_PROVIDED ENTRIES_
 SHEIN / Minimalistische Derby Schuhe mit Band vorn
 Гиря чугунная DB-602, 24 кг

---

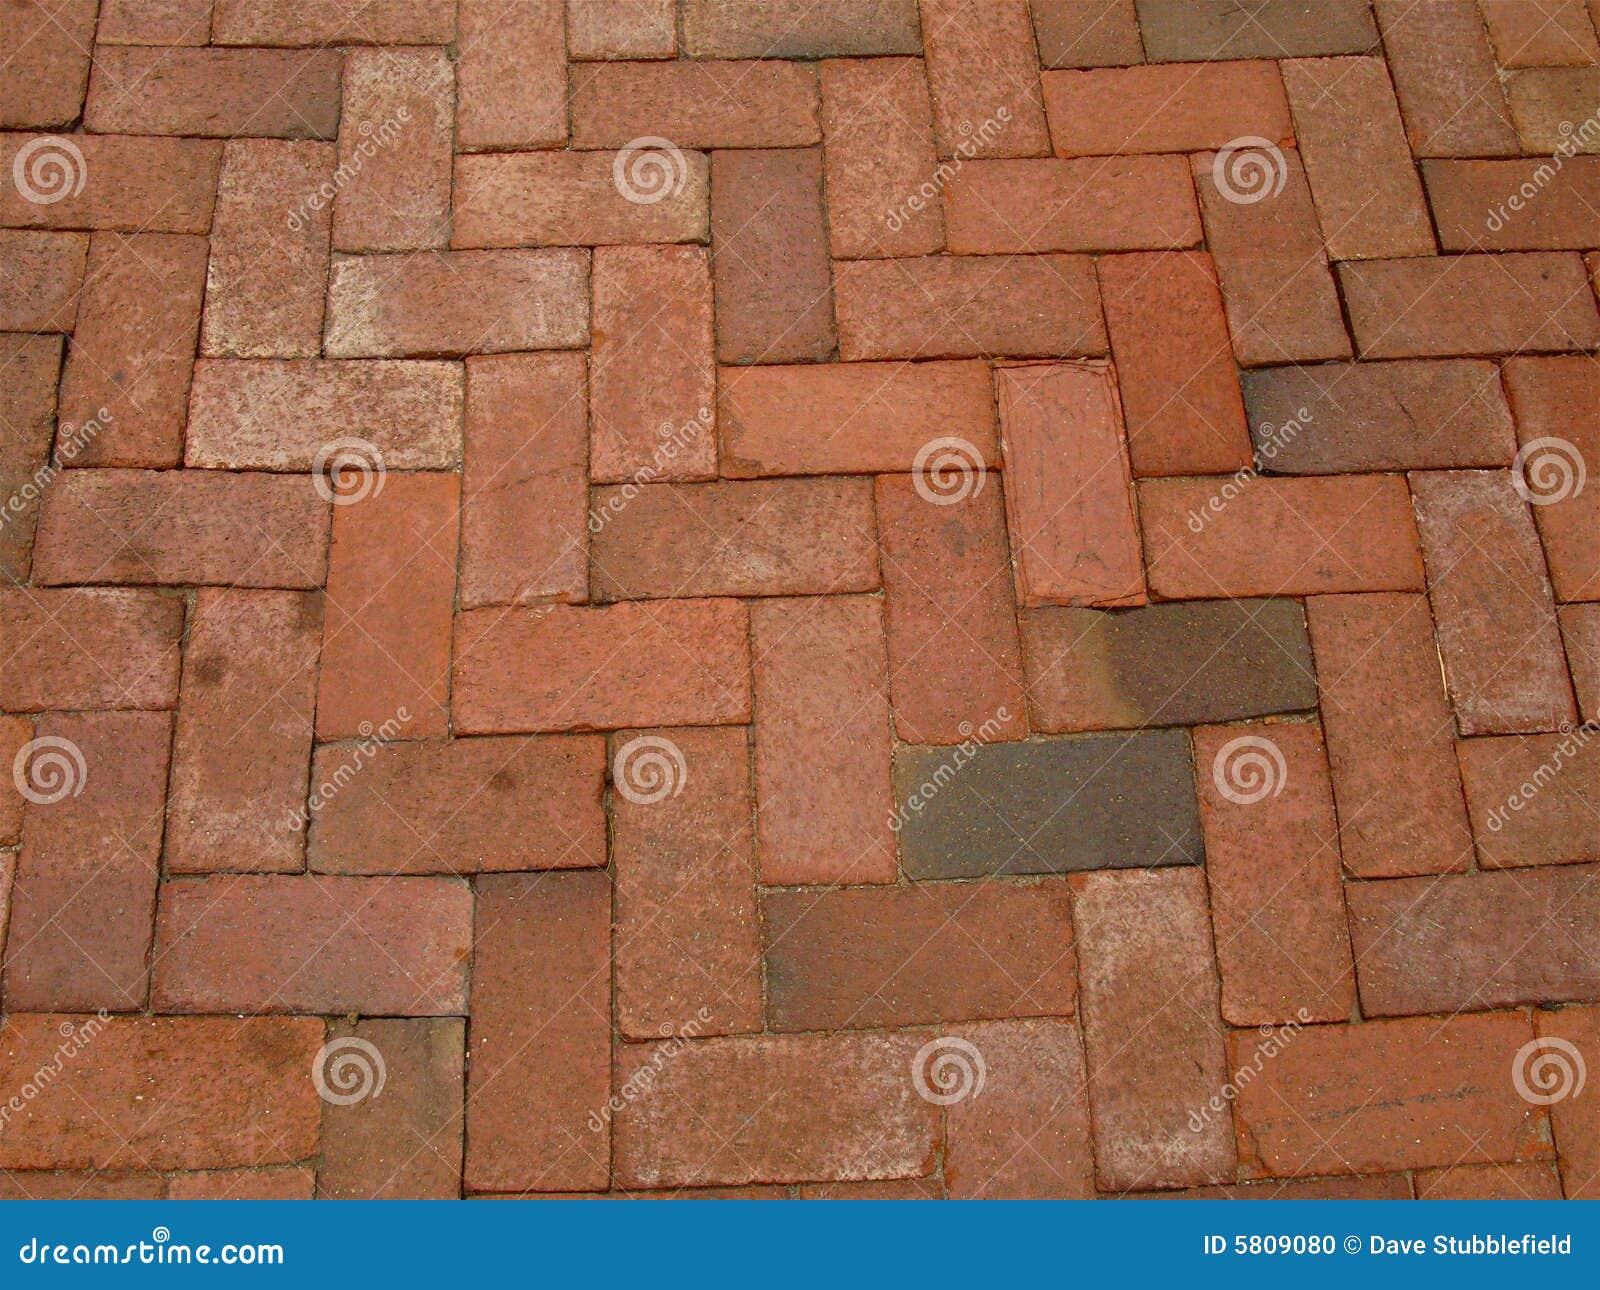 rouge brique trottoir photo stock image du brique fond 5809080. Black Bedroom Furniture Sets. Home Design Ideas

==

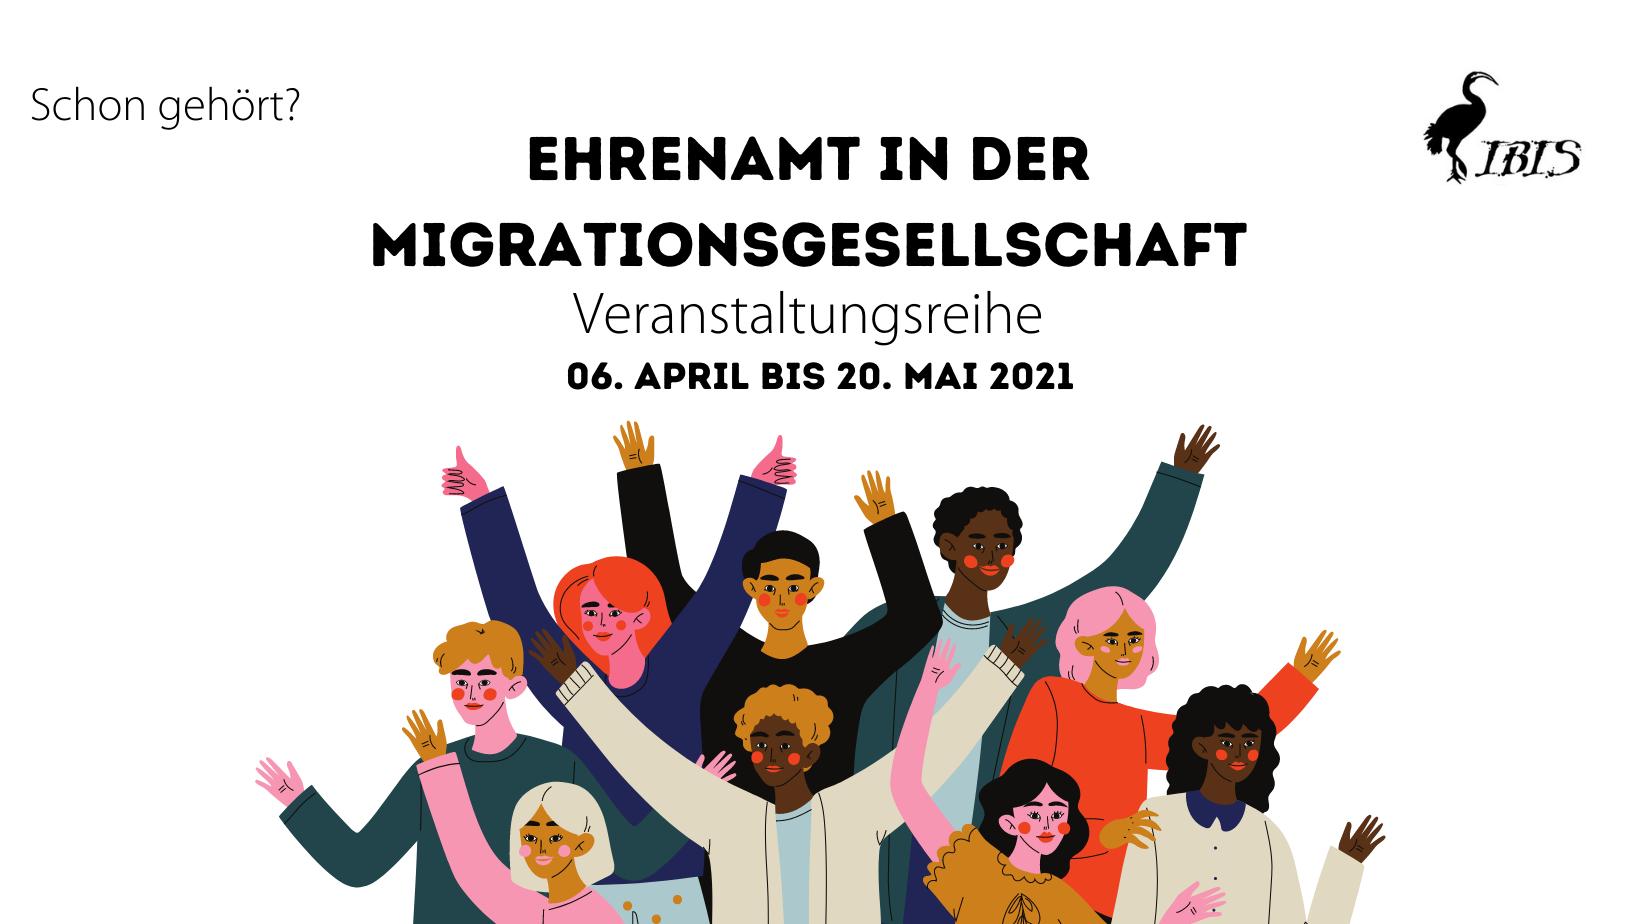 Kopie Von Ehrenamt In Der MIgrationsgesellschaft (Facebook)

_ACTIVITY_
Write out exactly the lines that fall from the line with "SHEIN / Minimalistische" to the line with "Гиря чугунная DB-602, 24 кг" in the records above, keeping both ends.

_ANSWER TO THIS TASK_
 SHEIN / Minimalistische Derby Schuhe mit Band vorn
 Гиря чугунная DB-602, 24 кг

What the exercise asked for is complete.